Même les rédacteurs expérimentés tombent parfois dans des pièges qui affaiblissent les clauses de résiliation. Éviter ces erreurs courantes :

  • La résiliation de commodités trop larges. Bien que la flexibilité soit utile, un acheteur qui peut mettre fin à une affaire sans frais peut causer au vendeur un préjudice important. Les vendeurs devraient négocier pour une fenêtre limitée (p. ex. seulement avant l'achèvement de la diligence raisonnable) ou exiger un frais de rupture inversé.
  • Des périodes de guérison incompatibles Avoir des périodes de guérison différentes pour différents types de violations peut créer de la confusion.
  • Si les parties ont déjà exécuté certaines obligations (p. ex., dépôts payés ou données exclusives livrées), la clause devrait indiquer comment ces obligations sont annulées. Autrement, des différends peuvent surgir quant à la question de savoir si le bénéficiaire doit restituer l'avantage.
  • Ignorer l'effet de la résiliation sur les accords de non-divulgation (ADN)[ De nombreux contrats d'acquisition sont précédés d'une ADN. La résiliation du contrat d'acquisition ne devrait pas mettre fin automatiquement à la LDN à moins d'indication explicite.
  • Silence sur le règlement des différends pour la résiliation Si les parties ne sont pas d'accord sur la question de savoir si une résiliation valide a eu lieu, le contrat devrait préciser comment résoudre ce différend—et si le contrat continue à être en vigueur pendant le différend.
  • Utiliser un langage ambigu pour l'importance relative. Des expressions comme « violation matérielle » sans définition invitent les tribunaux.
  • Dans les transactions où le vendeur accepte de ne pas solliciter d'autres offres, la clause de résiliation devrait préciser si le vendeur peut mettre fin à une proposition supérieure et quels frais de rupture s'appliquent. Il s'agit d'une «filicielle standard» dans les transactions avec les sociétés publiques.

Les ressources de la Faculté de droit de Harvard en droit des sociétés[ fournissent une analyse plus approfondie des pièges contractuels dans M&A, y compris l'interaction entre les clauses de résiliation et les obligations fiduciaires.

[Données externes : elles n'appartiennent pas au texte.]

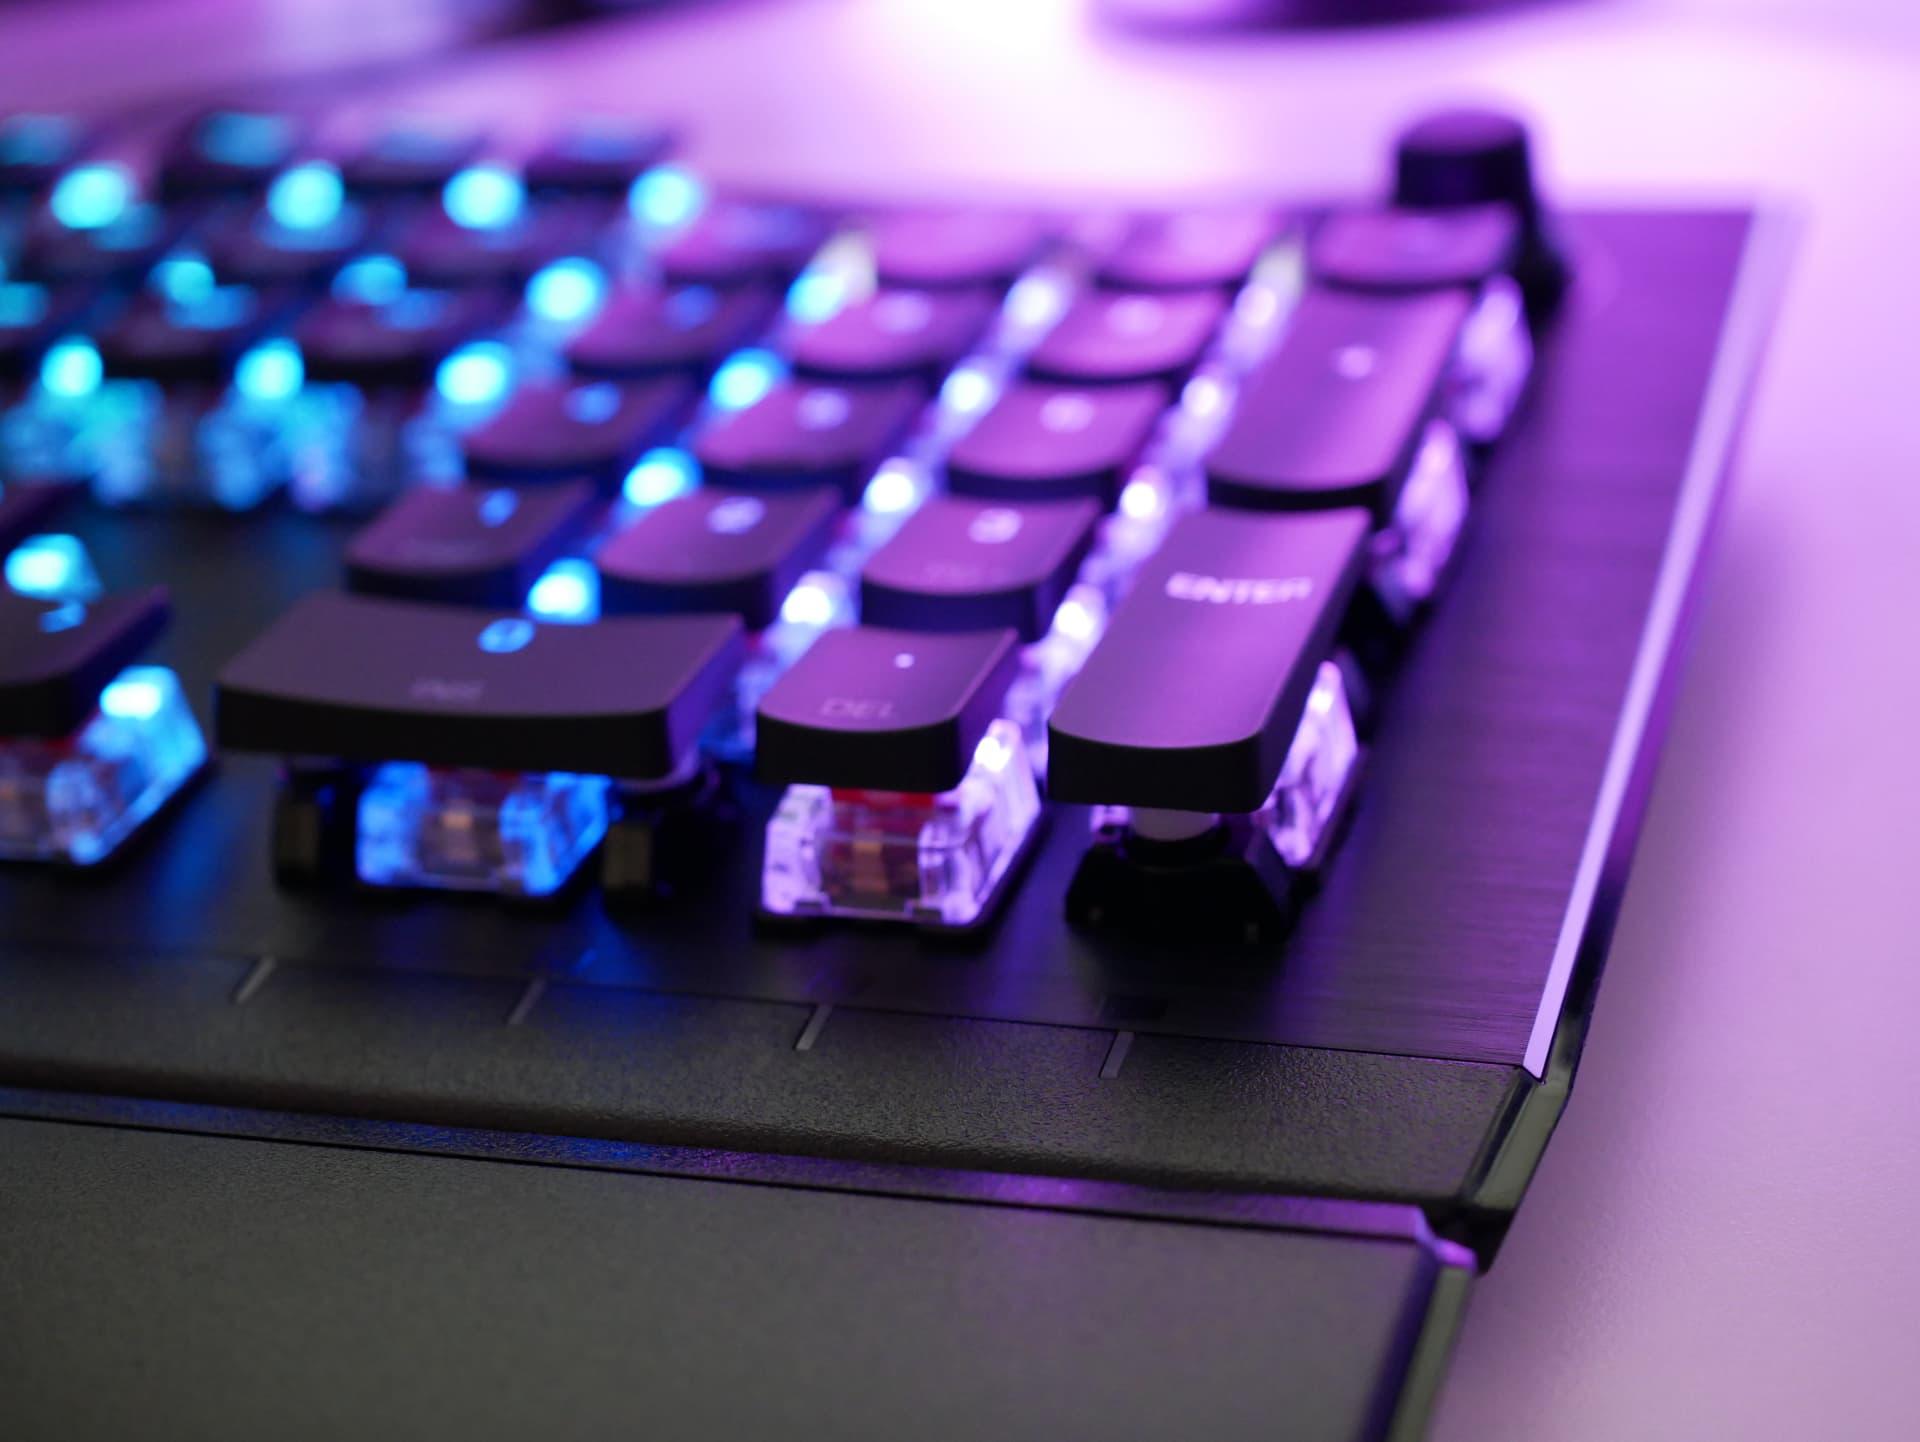 【2021年最新版】おすすめのゲーミングキーボード11選。FPSで有利になる選び方も解説

Considérations internationales dans les clauses de résiliation

Les acquisitions transfrontalières apportent une complexité supplémentaire aux clauses de résiliation. Les différents systèmes juridiques traitent la résiliation différemment – par exemple, les juridictions de droit civil peuvent exiger un niveau de bonne foi plus élevé même pour les résiliations de commodité. Certains pays imposent des restrictions légales aux frais de résiliation, les considérant comme des sanctions. D'autres exigent que les droits de résiliation soient exercés d'une manière conforme au principe de bonne foi, qui peut limiter la capacité d'une partie de mettre fin à la résiliation pour commodité.

  • Inclure une clause de choix de droit[ précisant la loi applicable (par exemple, le droit de New York ou le droit anglais) pour assurer la prévisibilité.
  • Sélectionner un forum d'arbitrage neutre tel que la CPI ou la LCIA pour le règlement des différends.
  • Adresser les délais d'approbation réglementaires[ propres à chaque administration, car les examens du contrôle des fusions peuvent varier considérablement en durée.
  • Considérer les effets de change et de change[ sur les frais de résiliation et les remboursements de frais.

SEC Staff Accounting Bulletin No. 99 sur l'importance relative demeure pertinent pour définir les infractions matérielles dans les transactions avec les sociétés publiques américaines, mais les praticiens devraient également consulter les conseils locaux sur les marchés étrangers.

Conclusion

Dans les contrats d'acquisition, ils fonctionnent comme la stratégie de sortie[ pour les parties qui doivent s'adapter à des circonstances changeantes. Une clause de résiliation bien conçue équilibre la flexibilité avec certitude, protège les intérêts légitimes de chaque partie et minimise le risque de litiges coûteux. Elle appuie également le financement des marchés, les processus d'approbation réglementaire et les relations après la clôture.Pour les acheteurs comme pour les vendeurs, investir le temps nécessaire pour négocier et rédiger ces dispositions avec précision est un investissement dans le succès global de l'entente.